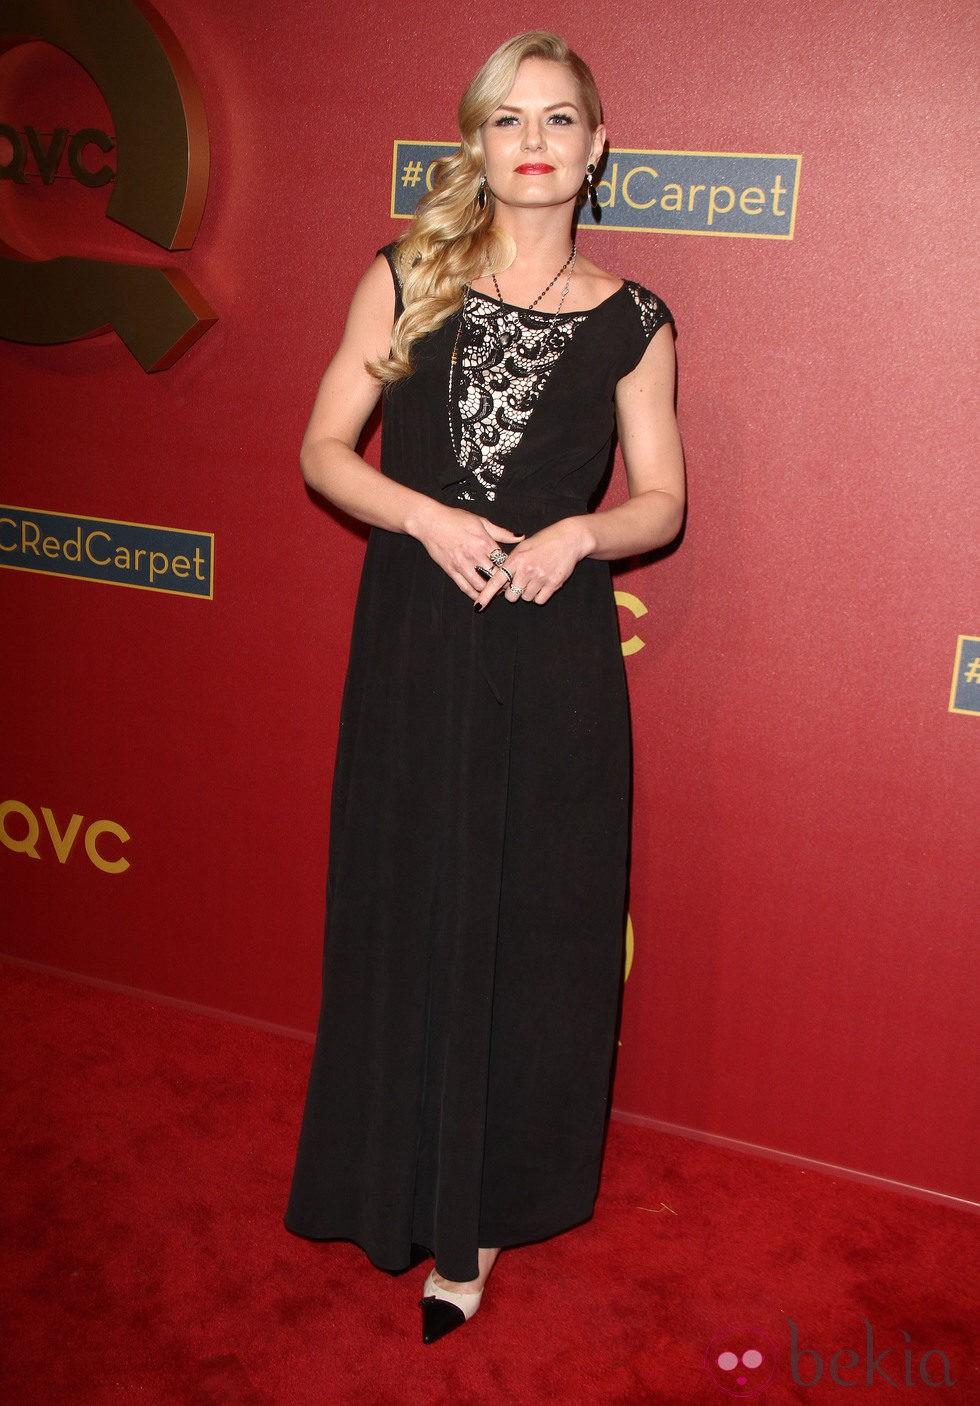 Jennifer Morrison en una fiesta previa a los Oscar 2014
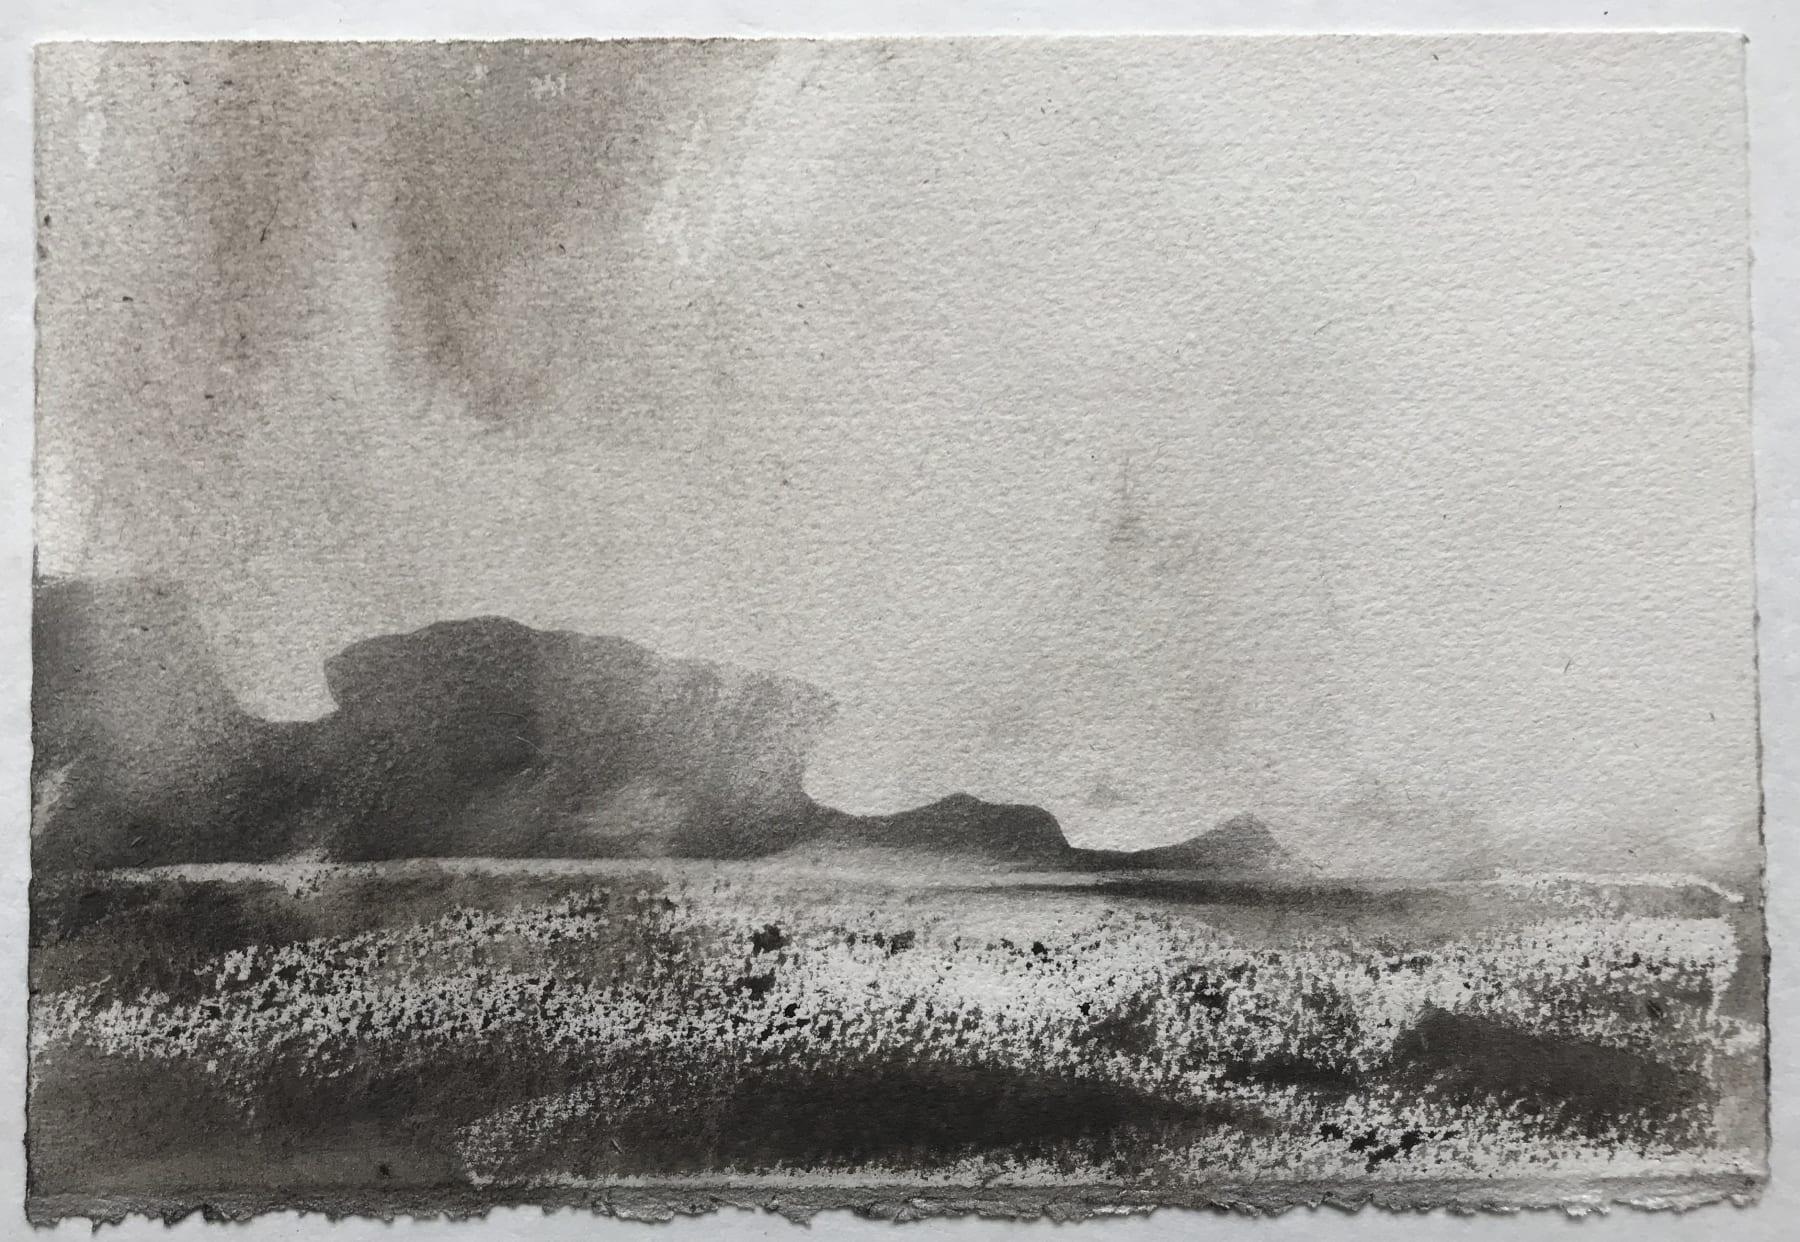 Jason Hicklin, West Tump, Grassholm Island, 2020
==
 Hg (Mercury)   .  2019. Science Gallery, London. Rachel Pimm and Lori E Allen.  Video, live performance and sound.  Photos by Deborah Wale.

> WHAT THE EXERCISE ASKS
Going by the entries above, repeat exactly the lines that start at the line with "Jennifer Morrison en" and go on through the line with "Jason Hicklin, West". Pictures are not part of the copy.

> WORKED SOLUTION
 Jennifer Morrison en una fiesta previa a los Oscar 2014
 Jason Hicklin, West Tump, Grassholm Island, 2020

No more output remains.